Lead solder is much the same thing. For 50 years hundreds of thousands of stay at home moms raised their kids at home, some of them living in older homes with threaded iron plumbing and some living in newer homes with lead soldered copper plumbing. Yet, no one ever noticed that stay at home moms and new born babies in newer homes were any sicker than people that lived in older homes. Yet they've banned lead solder for supply piping, just in case.

Truth is, we just plain don't know why some people get sick and die from asbestos at 36 years old, and other people can live to 95 years old in San Fransisco and still be in remarkably good health.

Megs:

A cast iron boiler will have long steel bolts going through it that hold the boiler sections together. If you take the cover off the boiler and remove the insulation (with a dust mask over your mouth) you should find those long draw bolts. Removing the nuts from those bolts or cutting through the bolts with a saw or torch will allow you to pull the sections apart. You may have to use something like a masonary chisel to spread the sections apart because they'll be pressed together pretty tightly.

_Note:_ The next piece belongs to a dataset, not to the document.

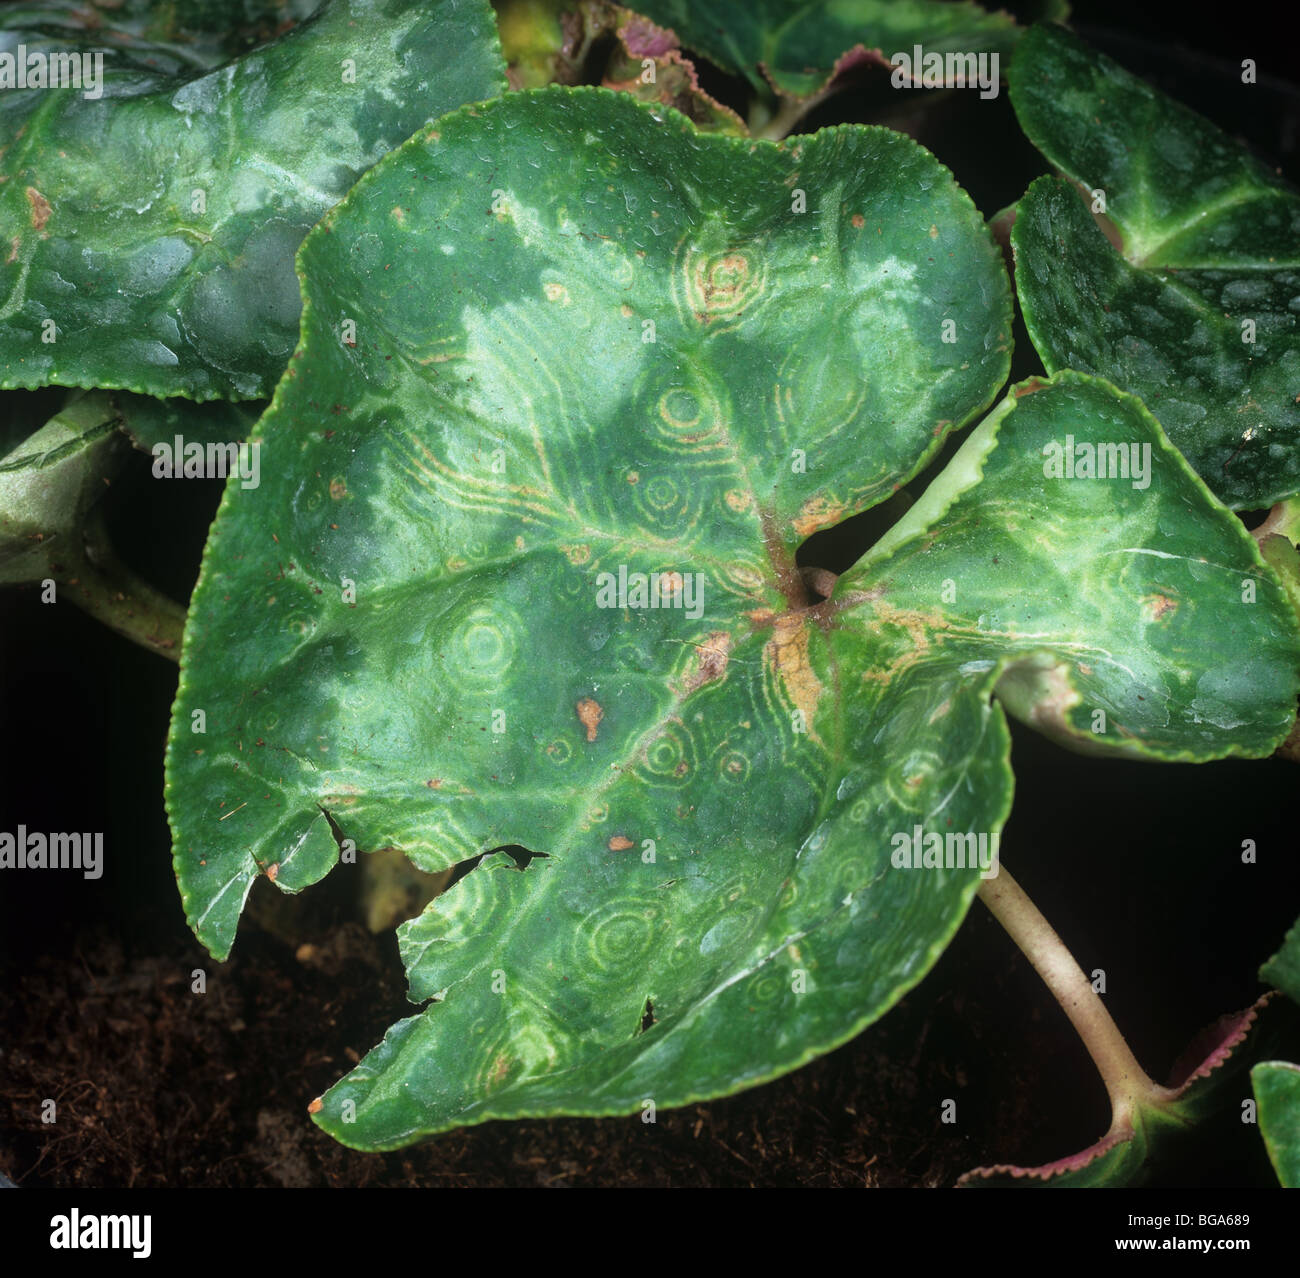 Alpenveilchen Ringspot Virus entdeckt Tomate verwelken Virus Symptome auf Alpenveilchen Blätter Stockfoto

Anyhow, the trick to taking a boiler apart is to remove the two, three or four long draw bolts through it, and then you can remove the sections of the boiler one by one.

Every HVAC contractor that installs boilers will tell you how to take one apart because they normally do that before installing the new boiler.


----------



## hvactech (Mar 11, 2007)

go to craigslist and post it on the free stuff section, something like "free boiler for scrap metal" someone will take it.


----------



## ABH Co. (May 24, 2009)

*easy(er,ish) way to get boiler out of basement*

My most recent boiler removal was a 900 lb, 3 section unit, which was a steam boiler converted years ago to a hot water system. It did have asbestos insulation on the jacket(sheet metal covering with a corrugated cardboard looking type of asbestos sheet) I first stripped off the oil burner, jacket, and all inlet/outlet piping with a 48" pipe wrench. Next, I cut the section retaining bolts with a recip. saw/metal blade. Then, I used a Rotary hammer with a chisel bit and chiseled the sections loose where the press plug fittings hold them together--that was the easy part. Each separate section still weighed in at about 300 lbs., not the easiest to handle, especially by yourself. I "walked" each section to the cellar stairway(bilco stairwell) with a road ber and 2x4s for leverage. I then cut a 2x12 tu span the stairs as a ramp and used a tow chain to pull each section up and out. I've been giving the sections away on craigslist with ads for free scrap iron "you pick it up" GOOD LUCK


----------